Avec l'album dit "abécédaire", l'image se fait berceau des lettres" écrivait Bruno Duborgel en 1983 (Imaginaire et pédagogie de l'iconoclasme scolaire à la culture des songes, Edition « Le Sourire qui mord ». Cf. Bibliothèques). Symbole de l'alphabétisation, l'abécédaire a transmis dès le XVème siècle les premiers rudiments d'enseignement de l'écriture et de la lecture. Aujourd'hui, il n'est plus un ouvrage scolaire mais sa force symbolique ne s'est pas éteinte dans la culture écrite actuelle.
Mettre en lien des ouvrages et des textes appartenant à ce genre proliférant répond non pas à un souci de collection mais à celui d'une refondation des gestes et postures du lecteur dans l'histoire de ses lectures. En effet, on constate que l'abécédaire se développe de façon tentaculaire, s'hybridant à d'autres genres, poésie, conte, documentaire, en s'adressant à un plus large public.
Usages différenciés de l'abécédaire
À l'âge de la maternelle, lire des abécédaires c'est entrer dans des rapports entre la lettre du texte, la référence portée par l'image et les représentations construites par le jeune enfant sur le monde, organisés par l'arbitraire du classement alphabétique. C'est entrer dans l'ordre des signes alphabétiques avant que d'en maîtriser les relations phonologiques, les significations linguistiques. C'est entrer dans l'ordre symbolique du monde représenté, en éprouver la sécurité et les contraintes, garanties par ceux qui en maîtrisent l'usage.
Si l'abécédaire continue d'assurer sa fonction historique d'apprentissage de l'alphabet et d'initiation aux relations phonographiques pour les plus jeunes lecteurs, il ne répond plus tout à fait aux critiques de Bruno Duborgel, à savoir de scléroser l'imaginaire enfantin. En effet, les auteurs produisent des images qui ne sont plus simplement des illustrations mais à l'instar des techniques oulipiennes, la contrainte développe des effets inattendus, surprend le lecteur par le contraste entre l'ordre alphabétique et l'espace interprétatif ouvert par l'image.
Du lecteur et des lectures
Ainsi du côté des lecteurs, la constellation se construira :
dans les jeux sur la langue et le langage : ABCD la belle Amédée ; De A à Zèbre : le grand voyage d'Adèle et Zorba…
dans des jeux sur le signifiant : ABC (Pittau et Gervais – Seuil)

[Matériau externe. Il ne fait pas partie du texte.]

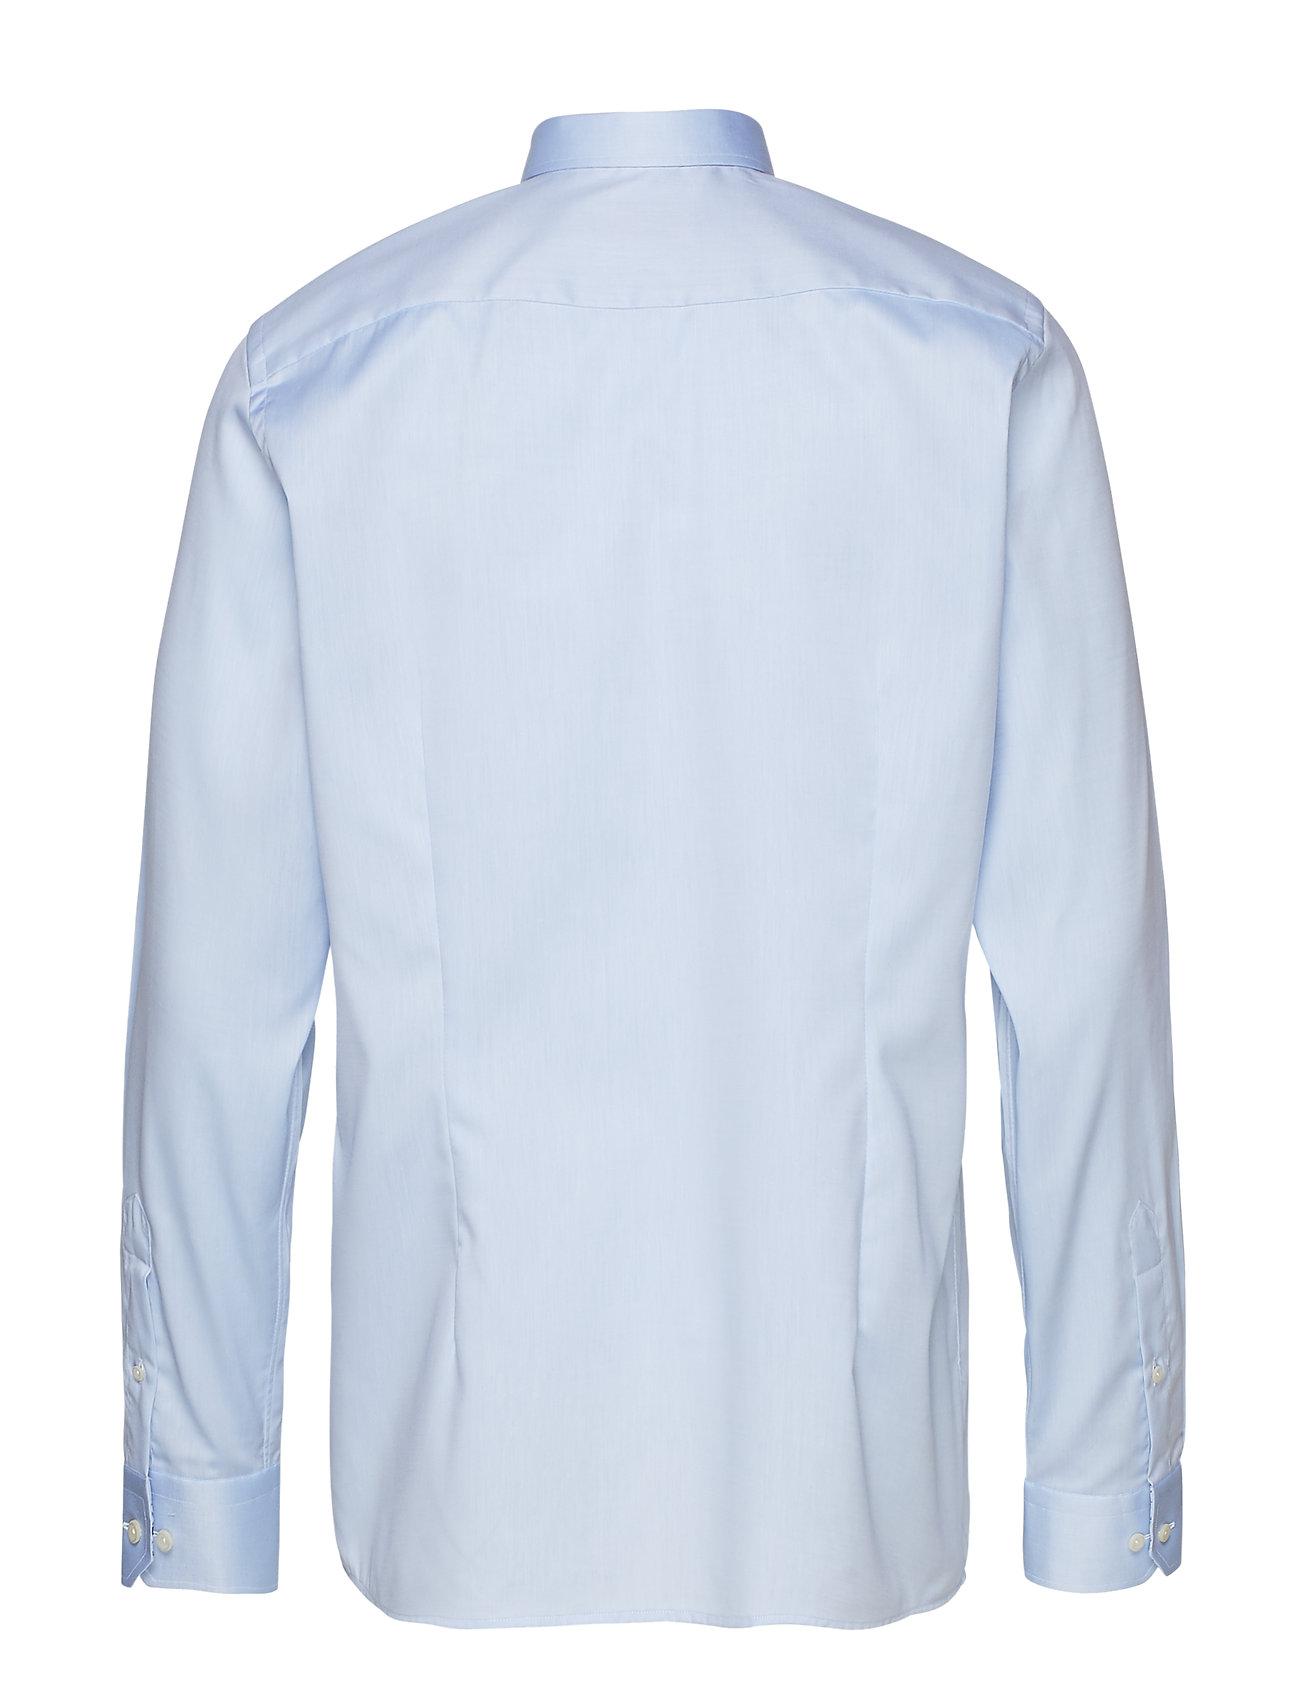 � papyrus Twill DetailsblueEton Sky Shirt Blue Print SUMqzpVG

dans les jeux sur les rapports texte, image : L’Abécédire (A. Serres, O. Taillec, L. Franey, Rue du monde), Le Zèle d'Alfred ( O. Douzou – Le Rouergue) …
- et plus généralement dans l'activité de réception lorsque le lecteur éclairé devient attentif à l'architecture du récit, à l'alchimie de la fiction : Atlas d’Orbae (François Place, Casterman).
Perspectives interprétatives
La constellation pourra être développée dans des perspectives croisées :
Activité du lecteur
Mais au delà de l'identification du genre, c'est l'activité du lecteur qui sera privilégiée :
construction des significations selon une dialectique de l'arbitraire du signe et de sa motivation (lettre figurée, lettre historiée, lettre image),
liberté du lecteur dans l'élaboration des significations pour faire vivre un monde structuré par l'ordre alphabétique,
lecture symbolique des univers figurés, des objets culturels choisis.
Progression
On pourra ainsi envisager une progression en spirale du cycle 1 au cycle 3 :
abécédaires du côté des relations phono-graphiques (didactique de la langue)
abécédaires en tant que mise en ordre ou de présentation des mondes (thématique, documentaire, recueil de contes)
abécédaires comme contrainte d'écriture poétique.
Chacune de ces voies ayant sa propre progression à l'intérieur des cycles et se combinant dans les ouvrages cités.